Second comes an overhauled Browser. We could argue that the average user would spend as much if not more time in the smartphone browser rather than calling, and that's why the change here is of paramount importance The browser now includes a “Save for offline reading” option and redesigned tab switcher looking much like the vertical multitasking list. In addition, the user can also “request” to see the desktop version of a site, without having to scroll to the bottom of the page in search for a special link. We couldn't get Flash Player to work on our prototype, but from what we saw, the web browsing experience on the Samsung Galaxy Nexus promises to be pretty smooth in terms of navigation. Furthermore, the ultra-high HD resolution makes reading of text very comfortable, as even very smallish letters are legible, similarly to the Retina Display on the Apple iPhone 4S.

Google promised to strip shutter lag off the Camera app, and indeed we found the Samsung Galaxy Nexus to be extremely speedy with its camera operation. In addition, there’s a new panorama mode baked right in the application allowing you to take panoramic shots with a single motion. Live Effects are added to the video capture, so you can fool around with the Silly Face effect or change your background to a custom image.

Here are a few test samples taken with our prototype Samsung Galaxy Nexus for you to check out, but don't consider them as being indicative of the quality that will be presented by a final, retail unit. It might be pretty close, but we can't be sure.

Samsung Galaxy Nexus Sample Video:

Samsung Galaxy Nexus Indoor Sample Video:


As we said, the Samsung Galaxy Nexus is an attractive handset. That's not only because it looks good, although a bit more neutral than what we'd like, but also because it comes with the newest Android OS – Ice Cream Sandwich - preloaded. Indeed, the Galaxy Nexus marks the advent of a whole new experience for Android-powered phones, and we're greatly excited about that. Not only does it come with a complete redesign (for the better), but it also promises to make life easier for developers, eventually leading to a higher-quality app ecosystem.

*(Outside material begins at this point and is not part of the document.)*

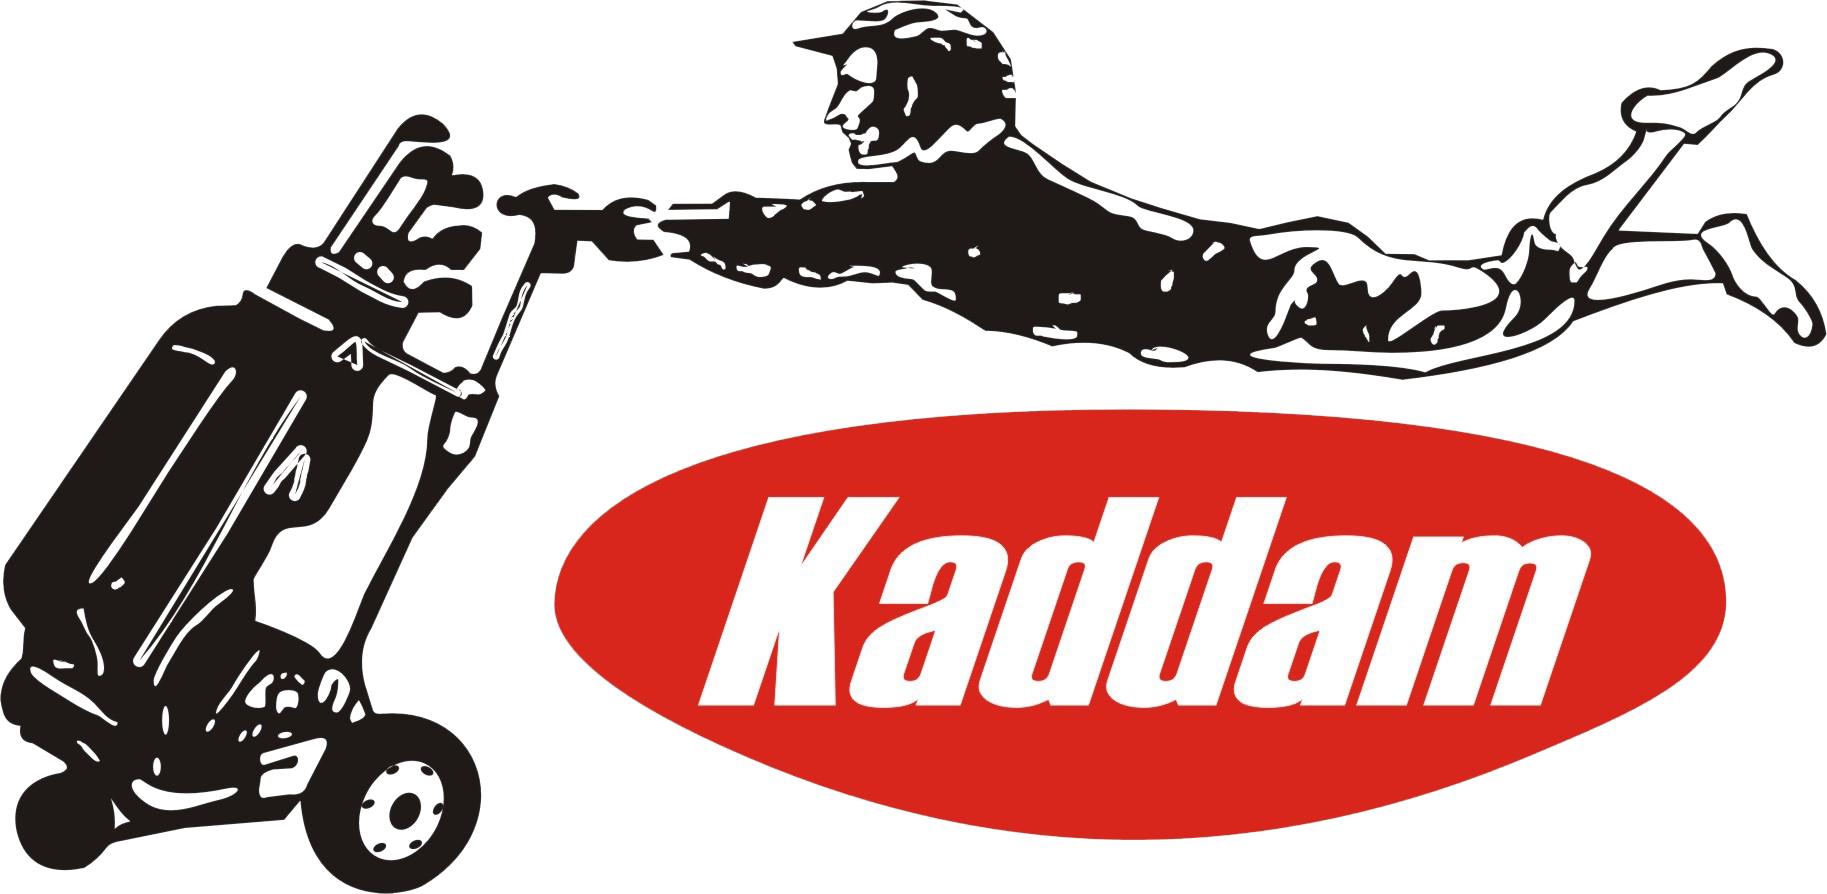 Kaddam

As a smartphone, the Samsung Galaxy Nexus is a pretty strong performer. It features up-to-date specs, although nothing really groundbreaking. Yes, the camera is only 5MP, but if it does turn out to be capable of producing quality shots, we can live with that. At the end of the day, the Galaxy Nexus will be able to offer you a beautiful HD Super AMOLED screen, presumably fast performance due to a 1.2GHz dual-core TI OMAP 4460 processor, and a much-improved Android experience, all included within a relatively thin, curved and, unfortunately, plastic and uninspired body.

To draw our final conclusion about the Galaxy Nexus though, we'll have to wait until we get to play with a final product, which will happen sometime in November, when, however, the Motorola DROID RAZR will also set its heavy foot on the stage, challenging the Galaxy Nexus for the crown of the ultimate Android phone. As it seems, the Nexus will have the early advantage, due to the fact that it will come directly with ICS, while the DROID RAZR will rely on customized Gingerbread, but it will only be a matter of time before Moto's offering gets its ICS boost as well, and then... it will get interesting.